Starting with the line that has "Best ideas about" and finishing with the line that has "3b8ce97275d Polo Ralph", set down each line below exactly. Pictures are not copied.

**Records for this task**
####################

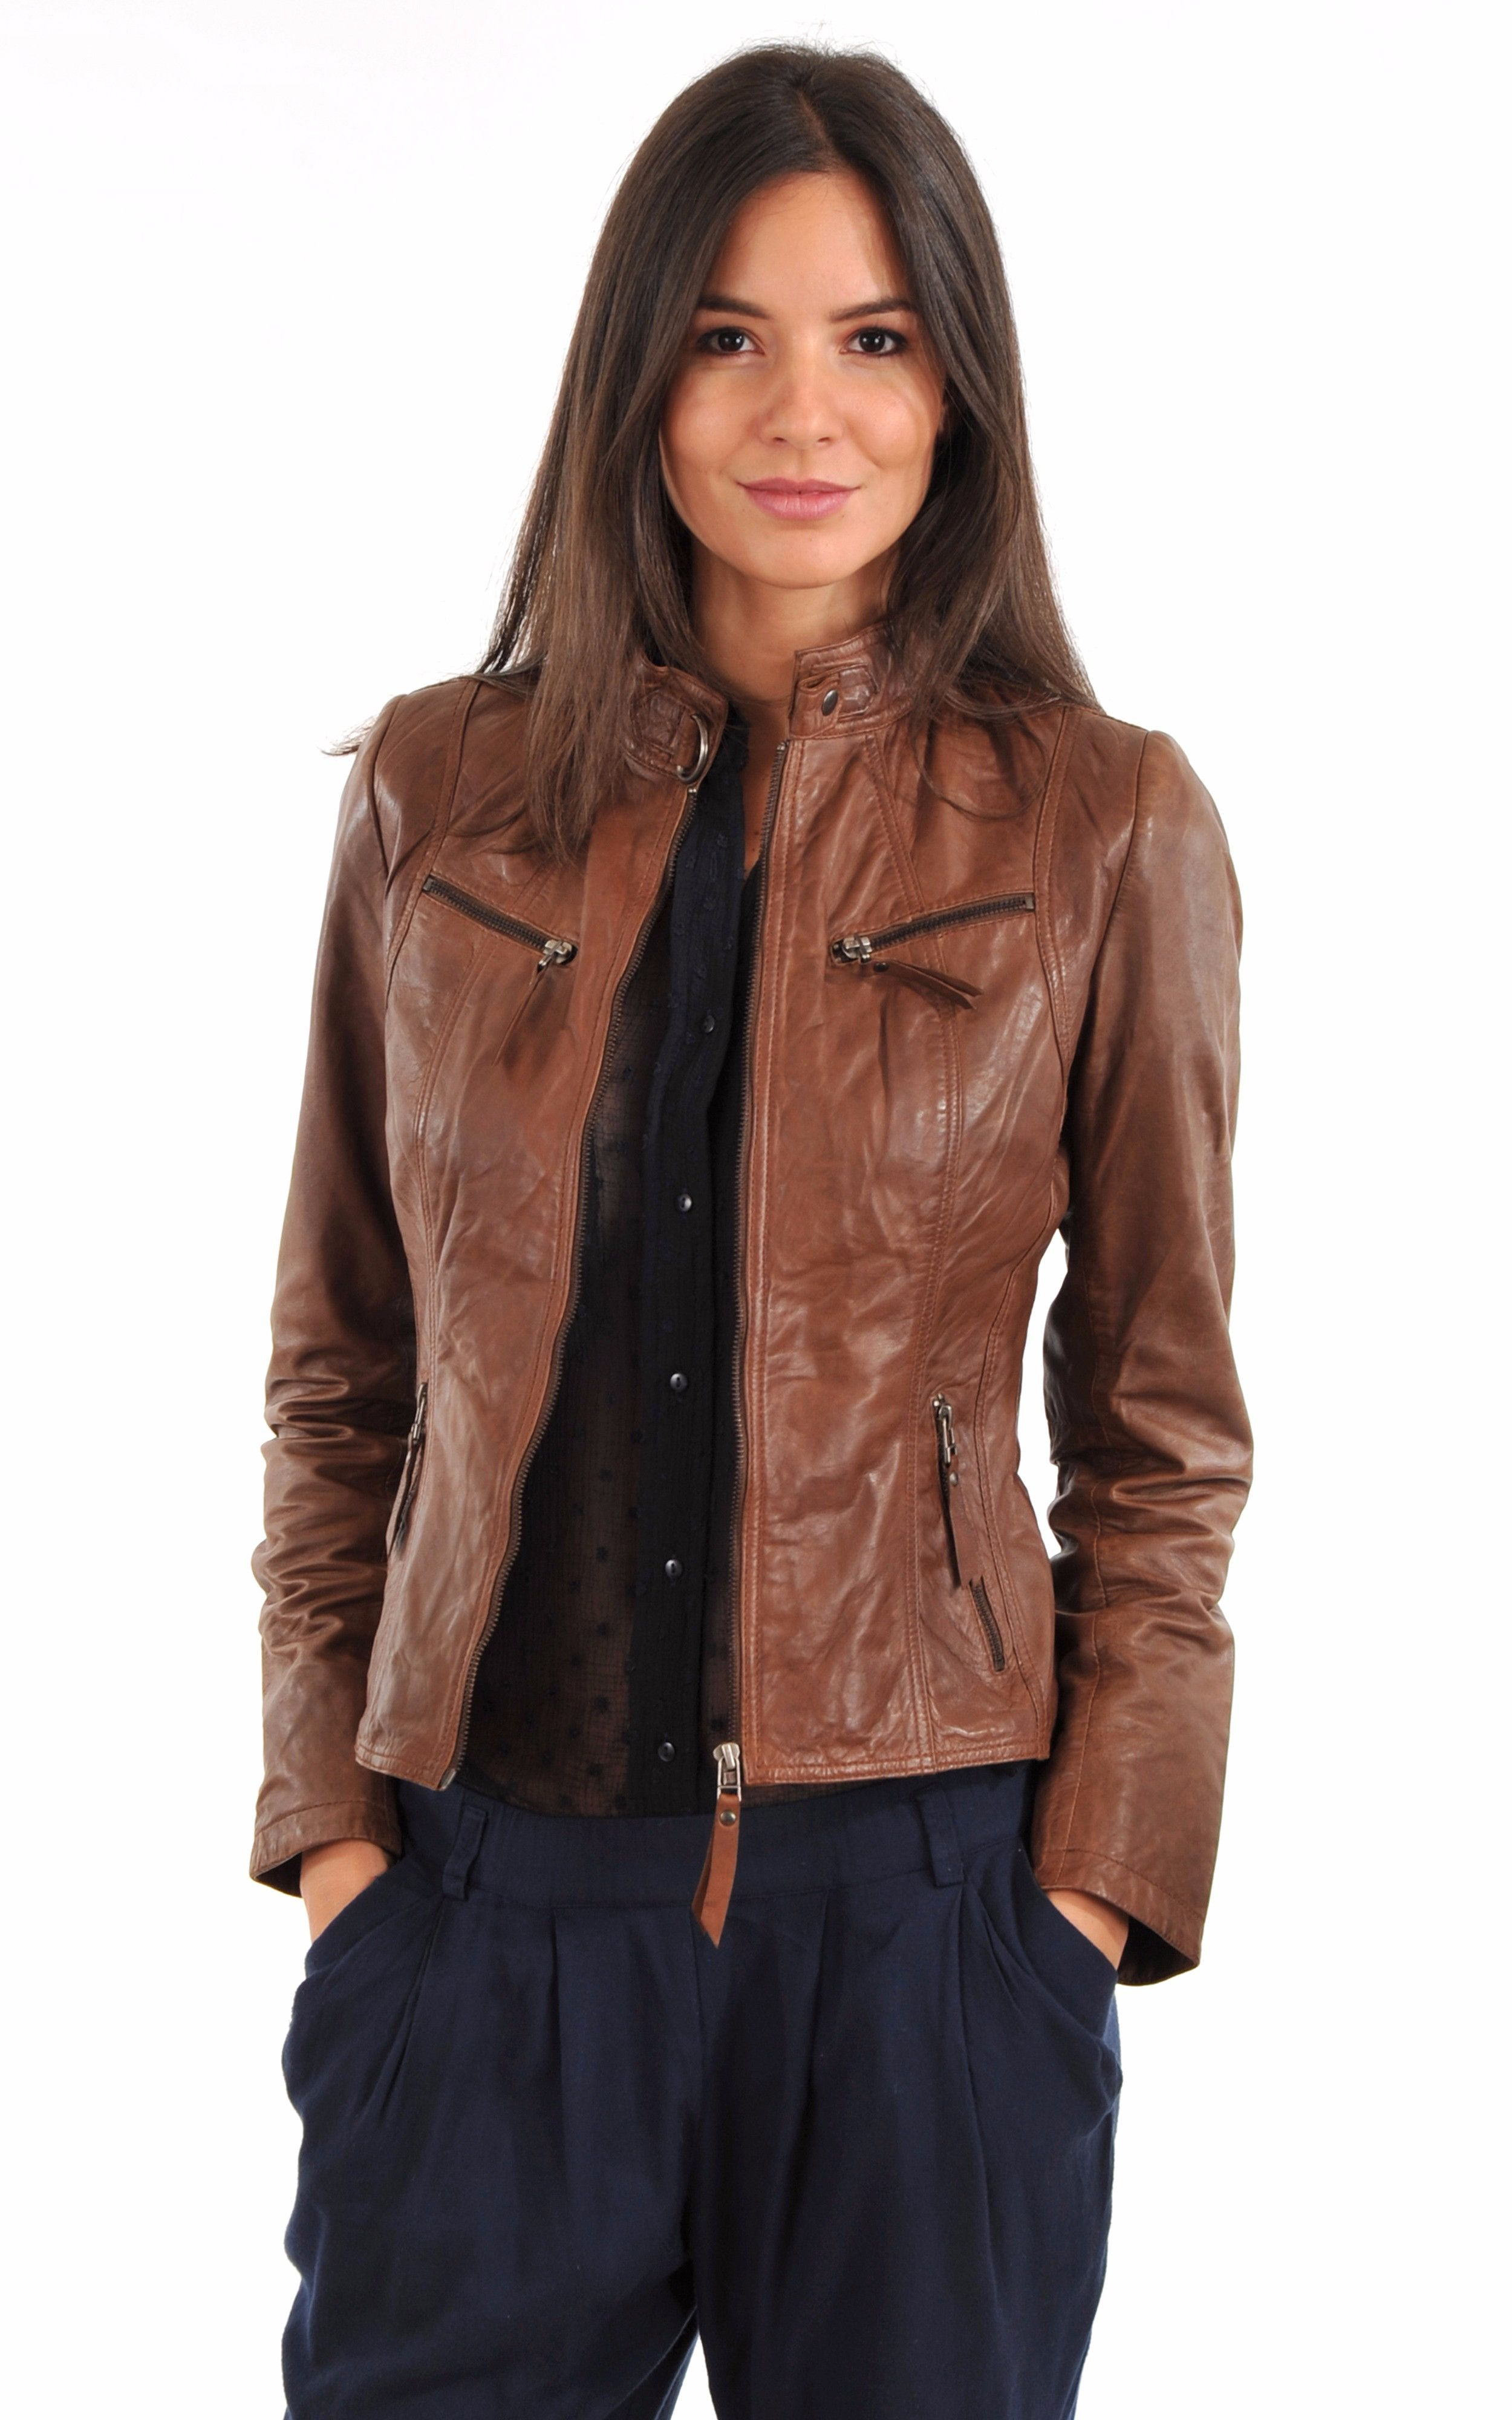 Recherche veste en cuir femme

####################

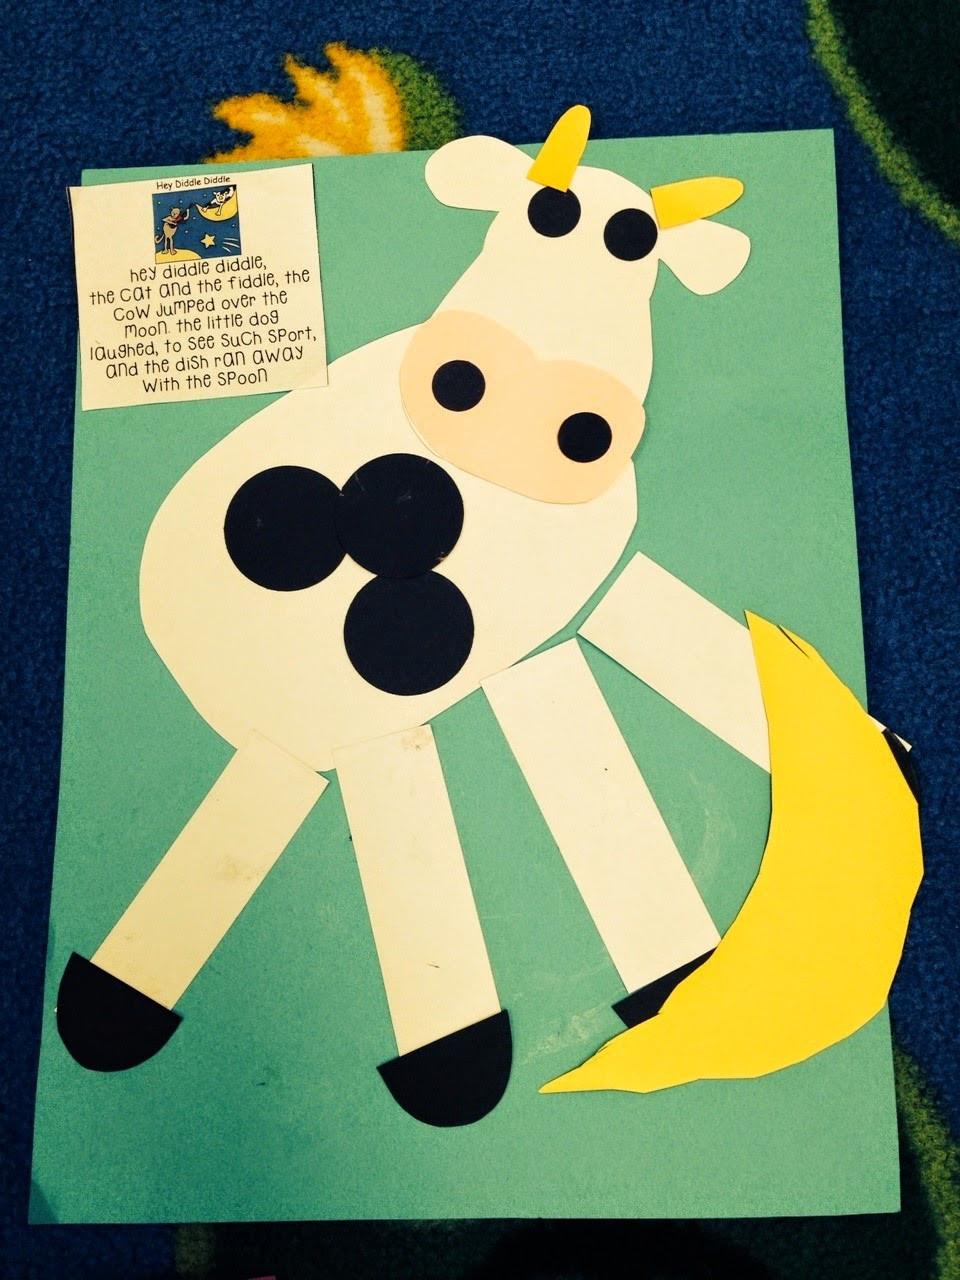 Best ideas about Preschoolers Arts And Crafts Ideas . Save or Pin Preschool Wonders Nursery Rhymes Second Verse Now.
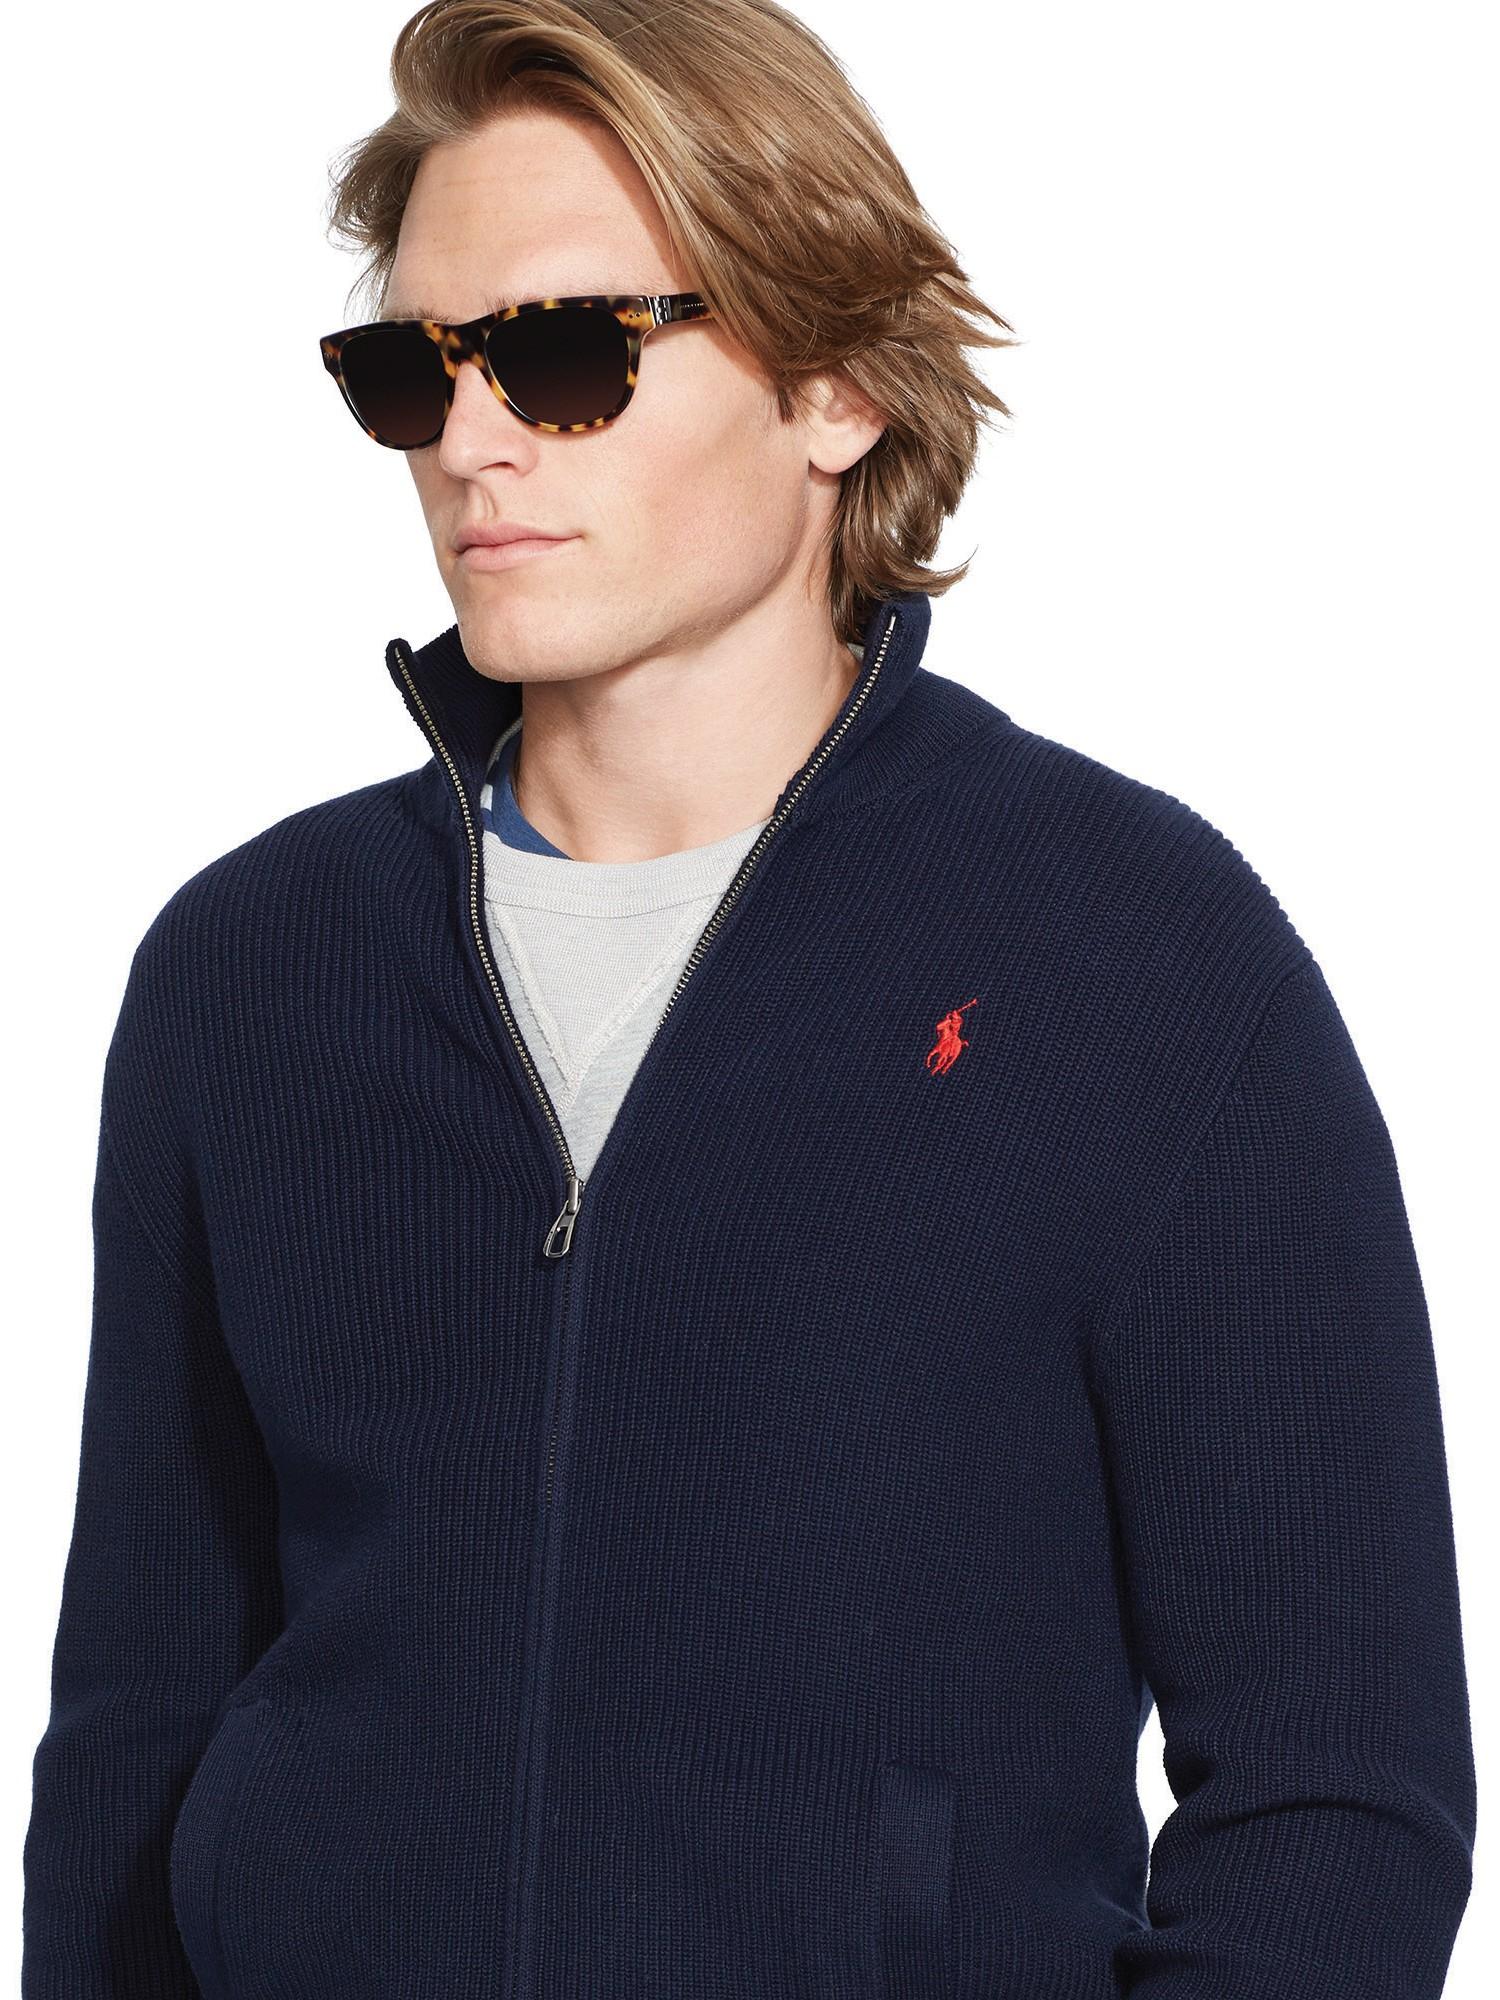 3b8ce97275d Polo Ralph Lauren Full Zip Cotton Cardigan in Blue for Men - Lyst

####################

**The answer**
 Best ideas about Preschoolers Arts And Crafts Ideas . Save or Pin Preschool Wonders Nursery Rhymes Second Verse Now.
 3b8ce97275d Polo Ralph Lauren Full Zip Cotton Cardigan in Blue for Men - Lyst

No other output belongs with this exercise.